Data to process START
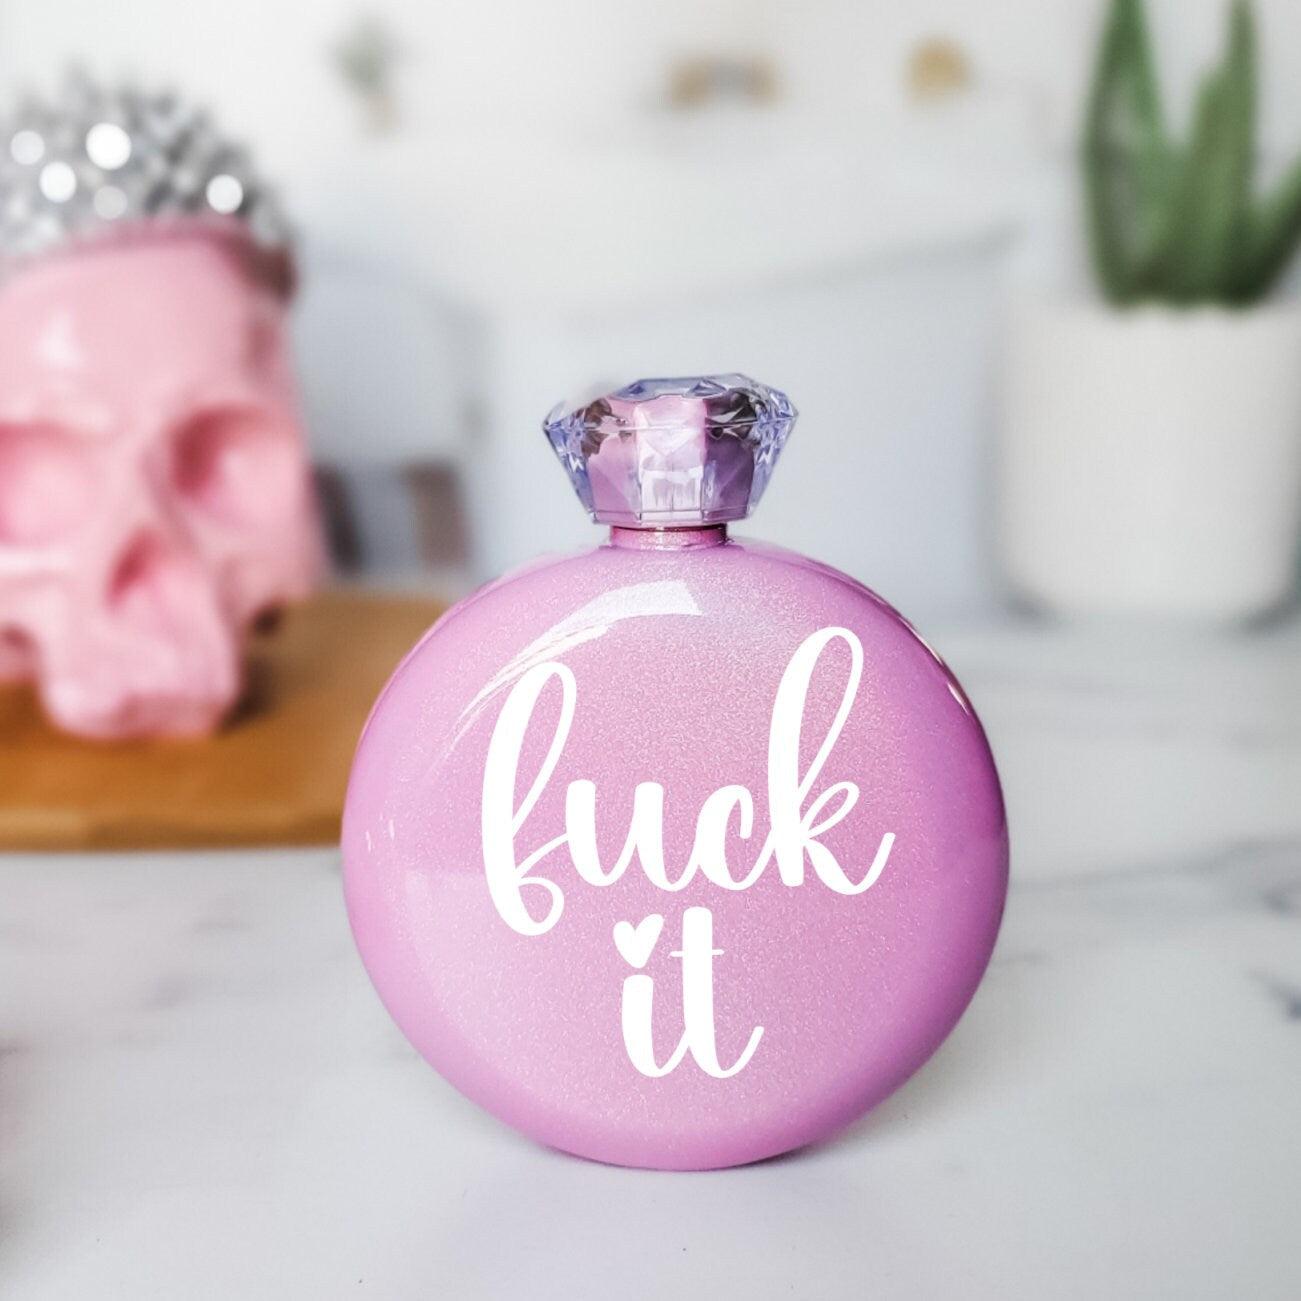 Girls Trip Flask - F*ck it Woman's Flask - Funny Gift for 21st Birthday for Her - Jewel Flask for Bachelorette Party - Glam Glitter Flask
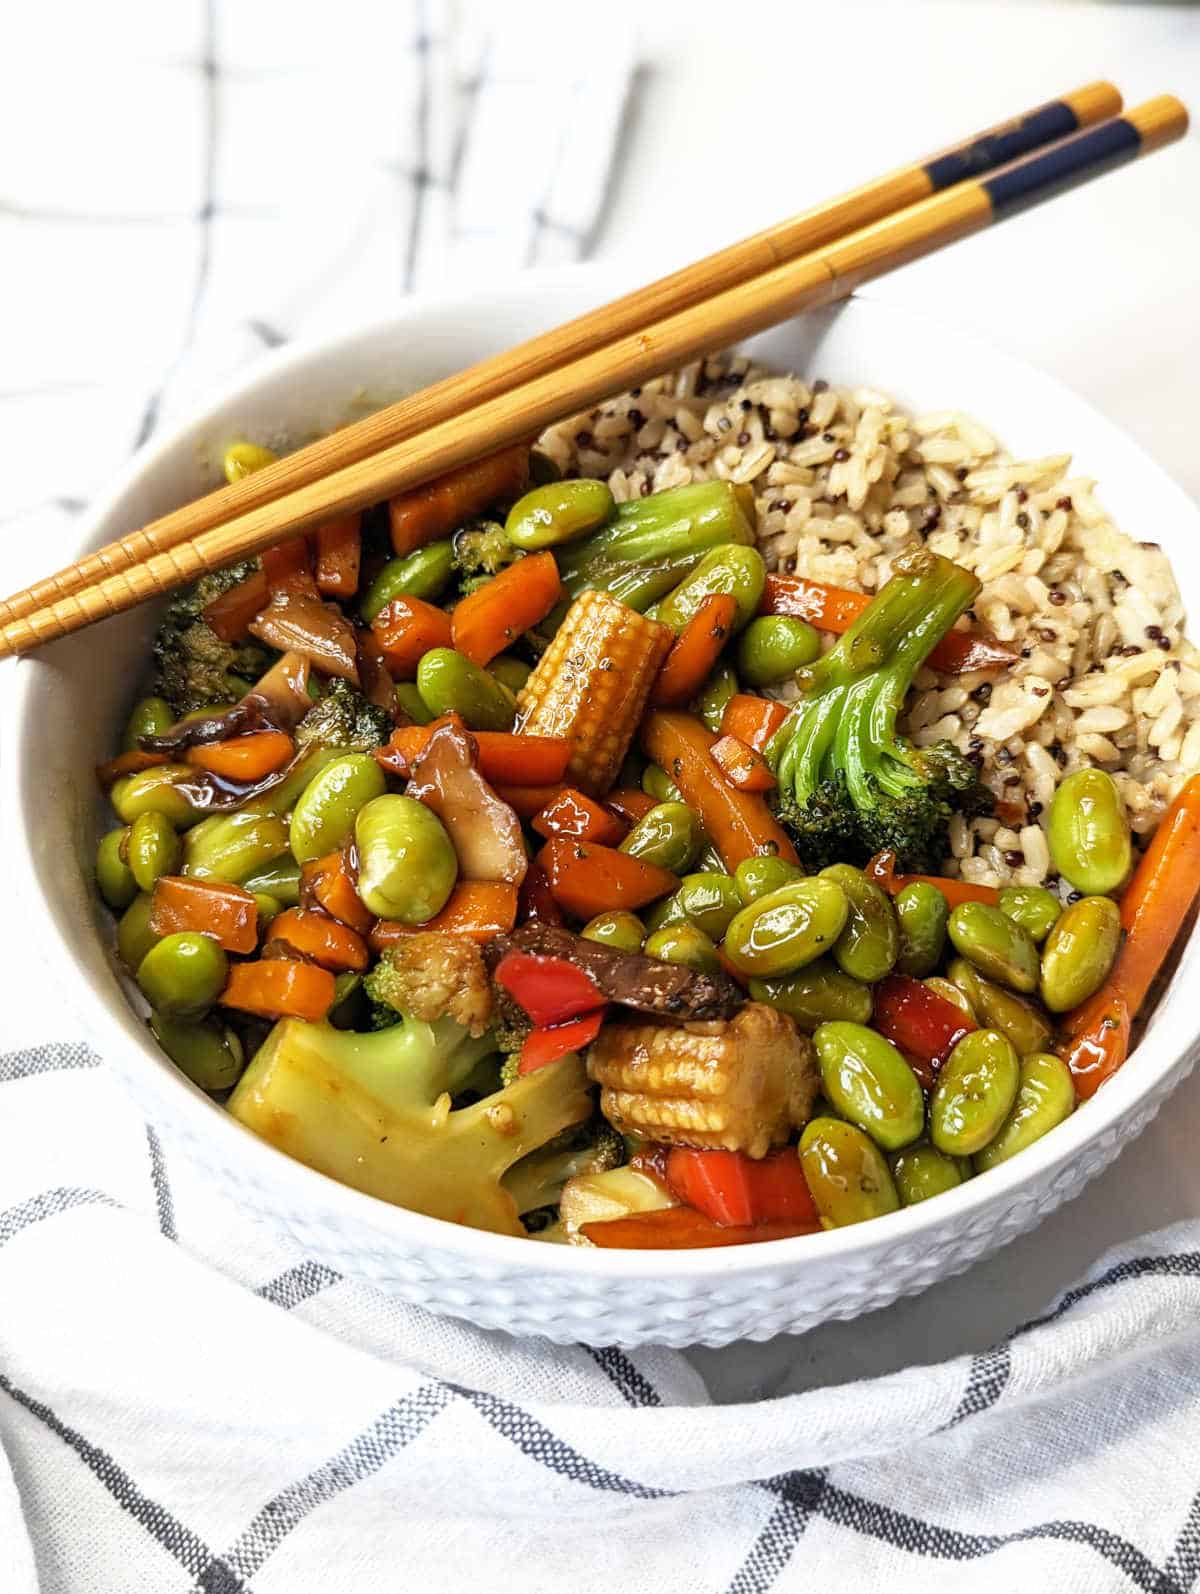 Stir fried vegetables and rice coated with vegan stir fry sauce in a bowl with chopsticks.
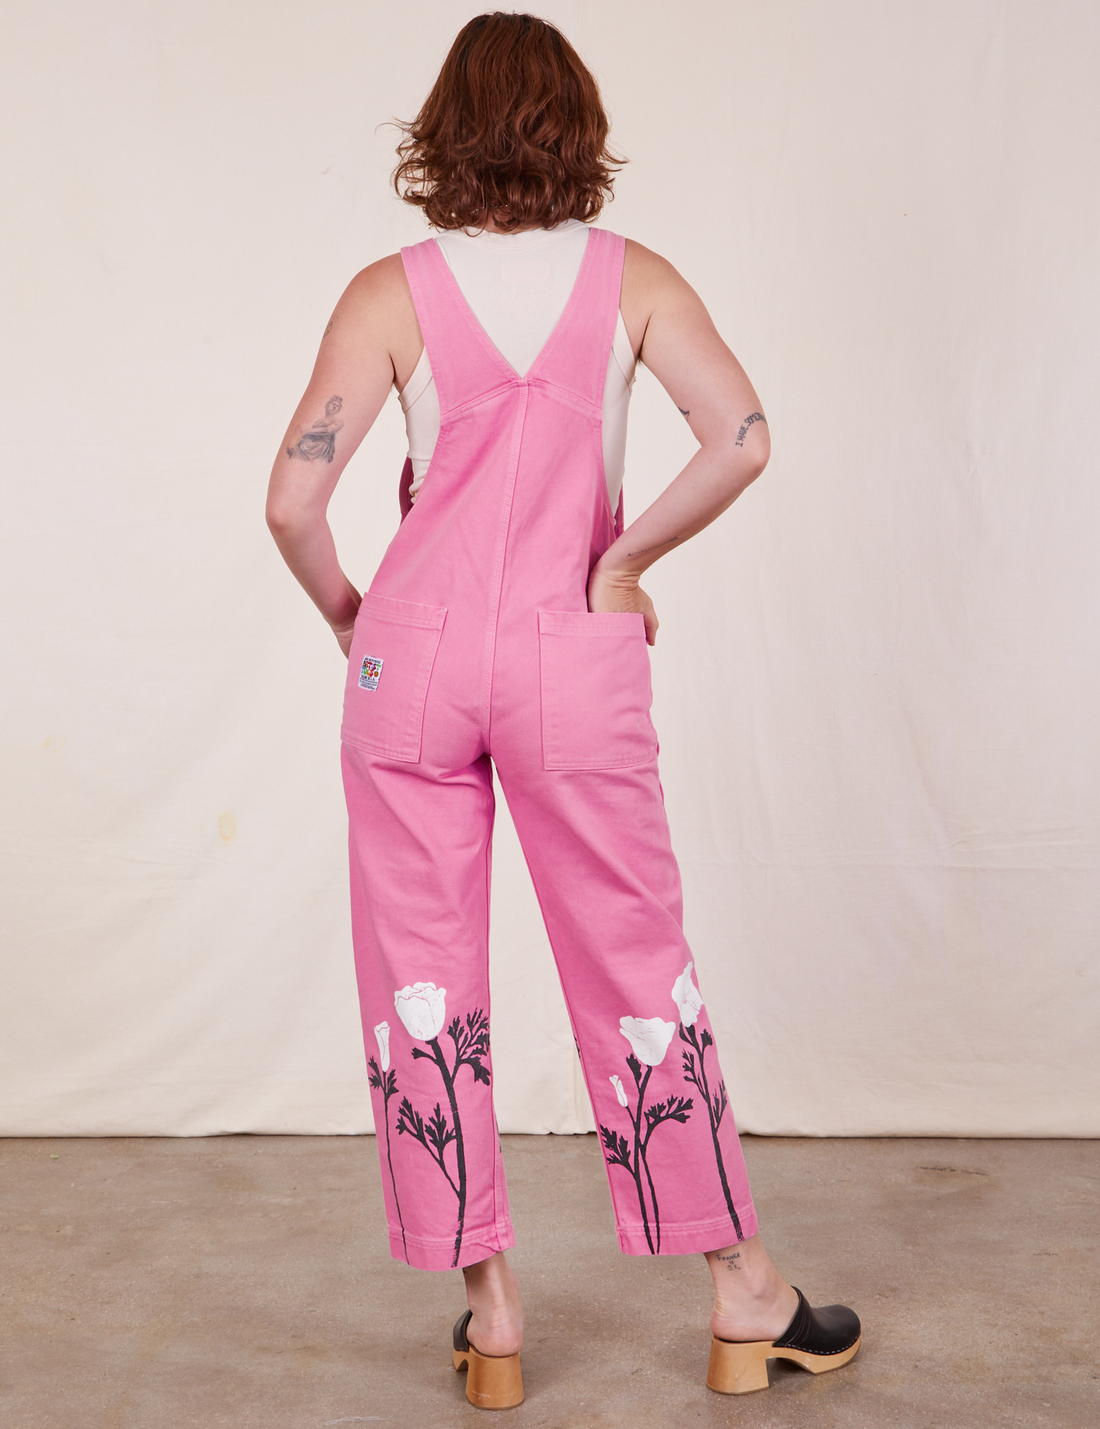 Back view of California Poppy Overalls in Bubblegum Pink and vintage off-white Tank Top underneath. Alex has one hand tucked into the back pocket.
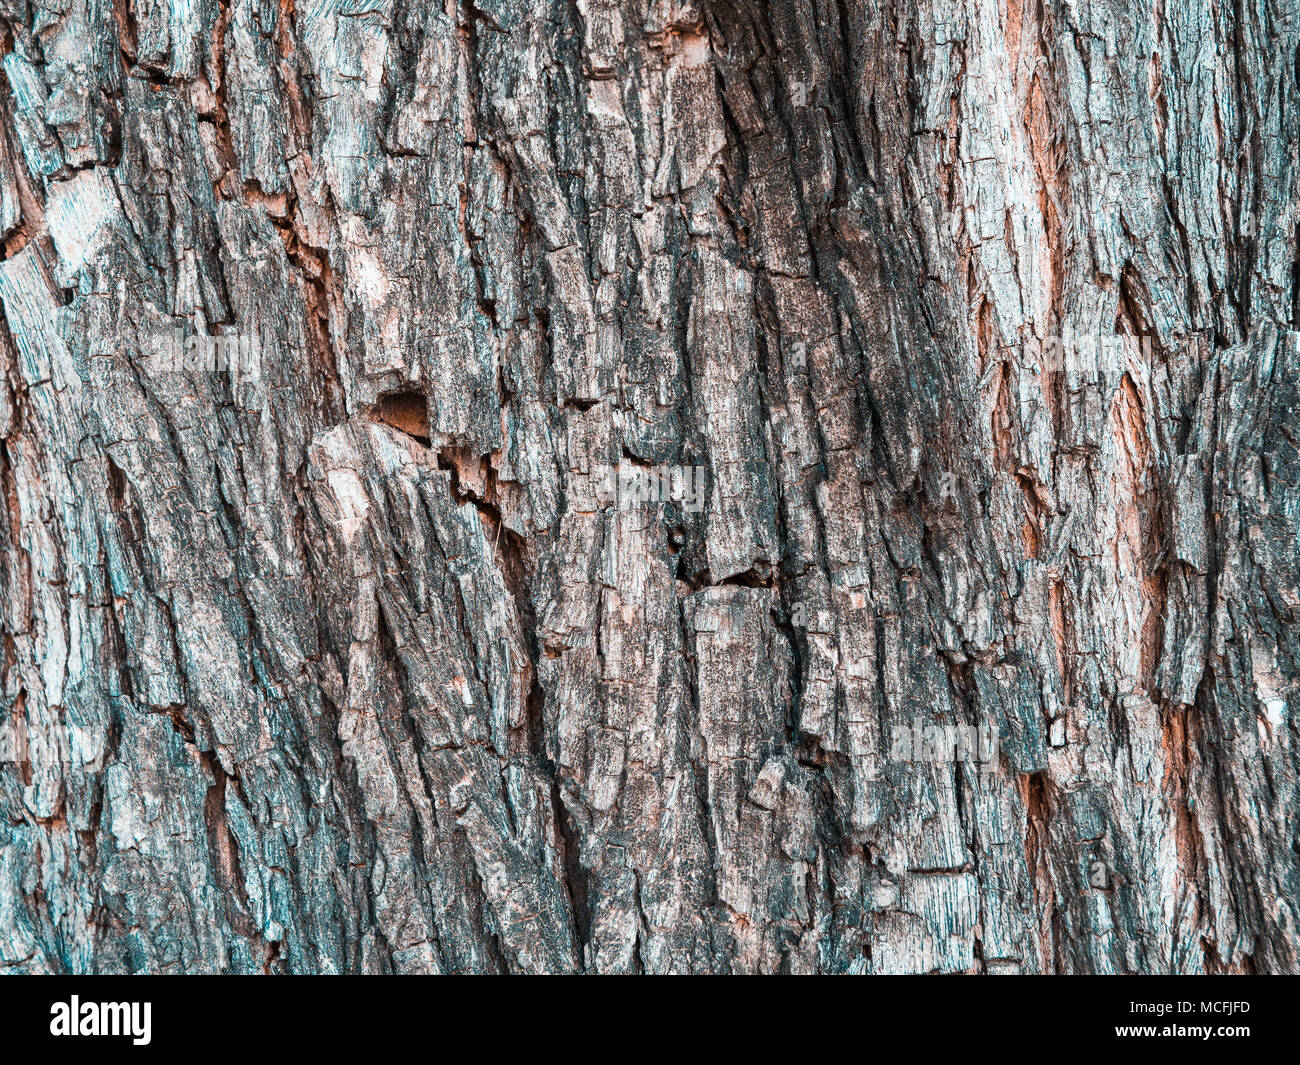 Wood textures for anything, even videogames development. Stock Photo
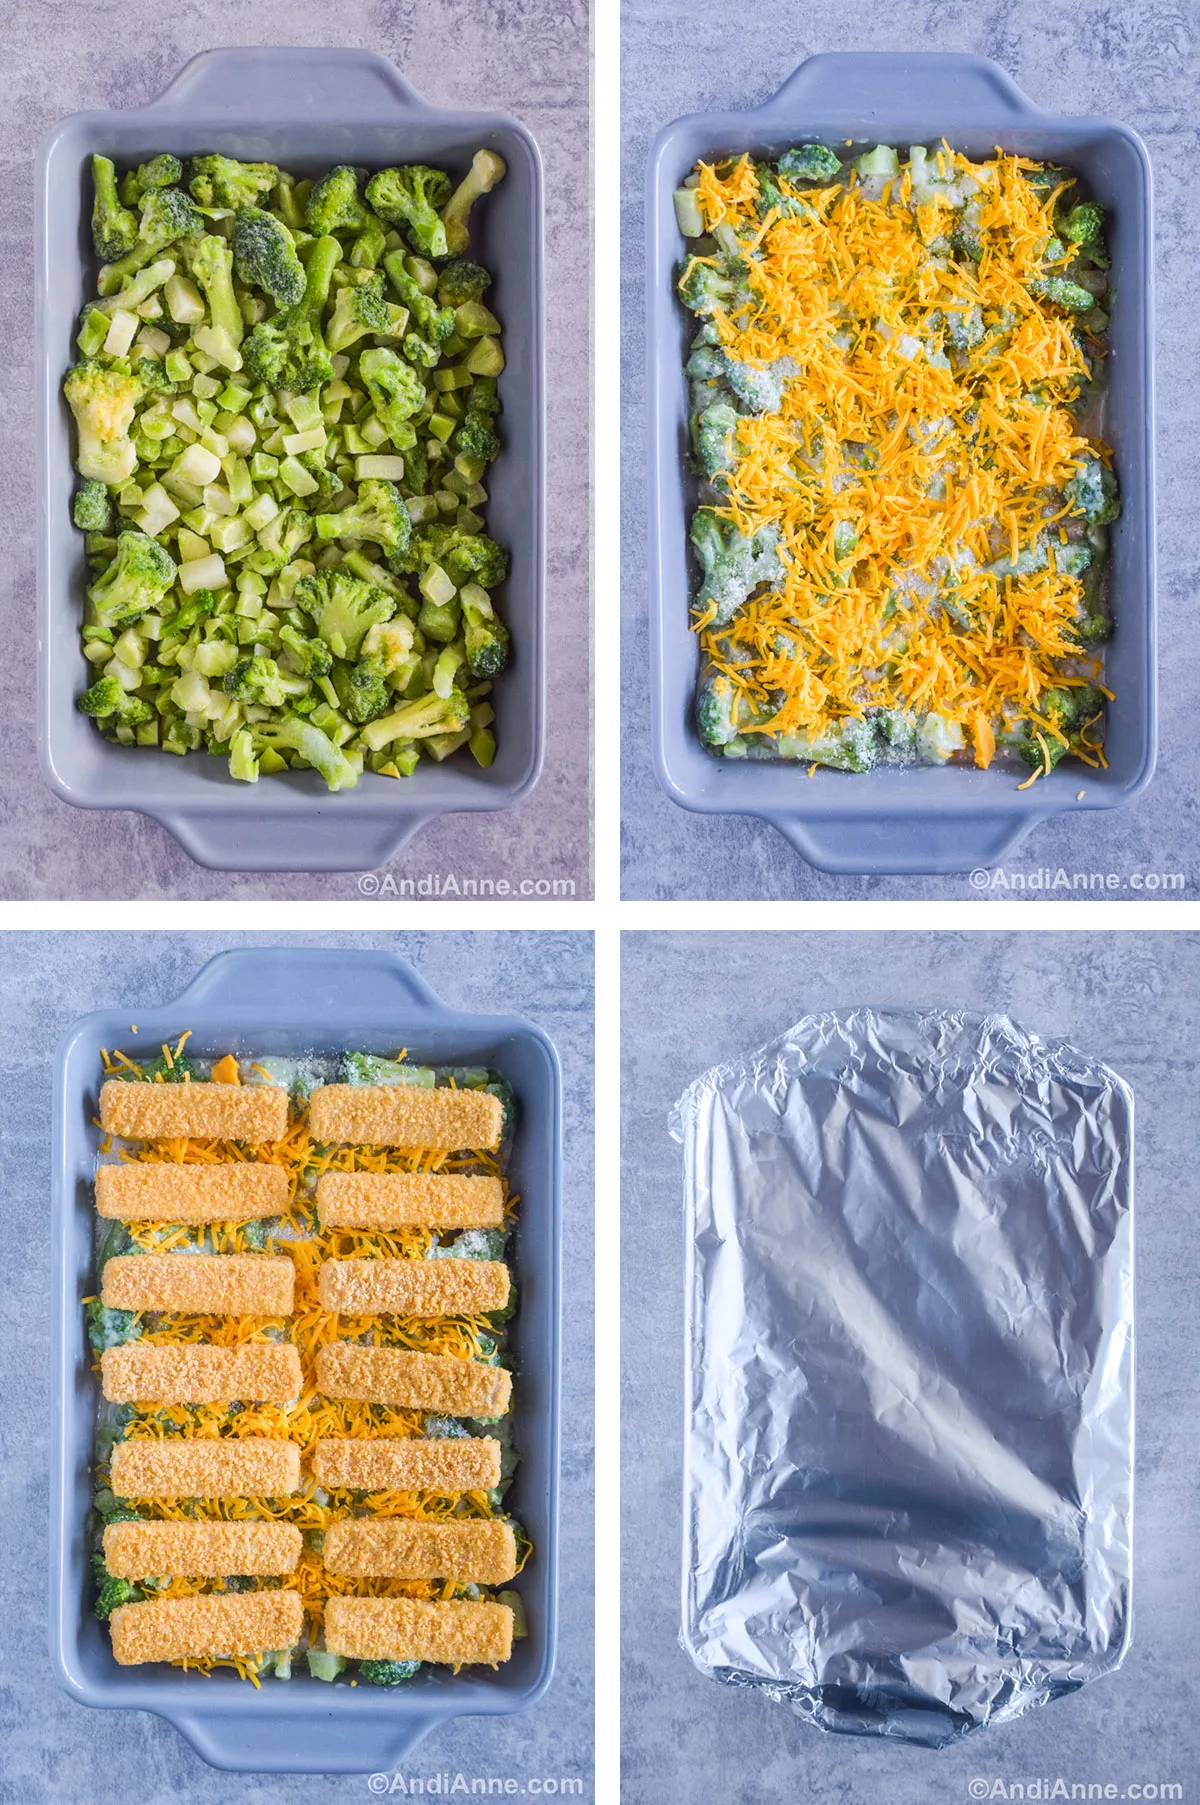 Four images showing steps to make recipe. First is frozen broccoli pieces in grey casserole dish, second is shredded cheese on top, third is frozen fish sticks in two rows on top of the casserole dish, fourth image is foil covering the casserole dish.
Data to process END
What you need to copy is the run of lines from the one holding "Wood textures for" through the end of the data, exactly and only, both ends included, pictures omitted.

■ Response box
 Wood textures for anything, even videogames development. Stock Photo
 Four images showing steps to make recipe. First is frozen broccoli pieces in grey casserole dish, second is shredded cheese on top, third is frozen fish sticks in two rows on top of the casserole dish, fourth image is foil covering the casserole dish.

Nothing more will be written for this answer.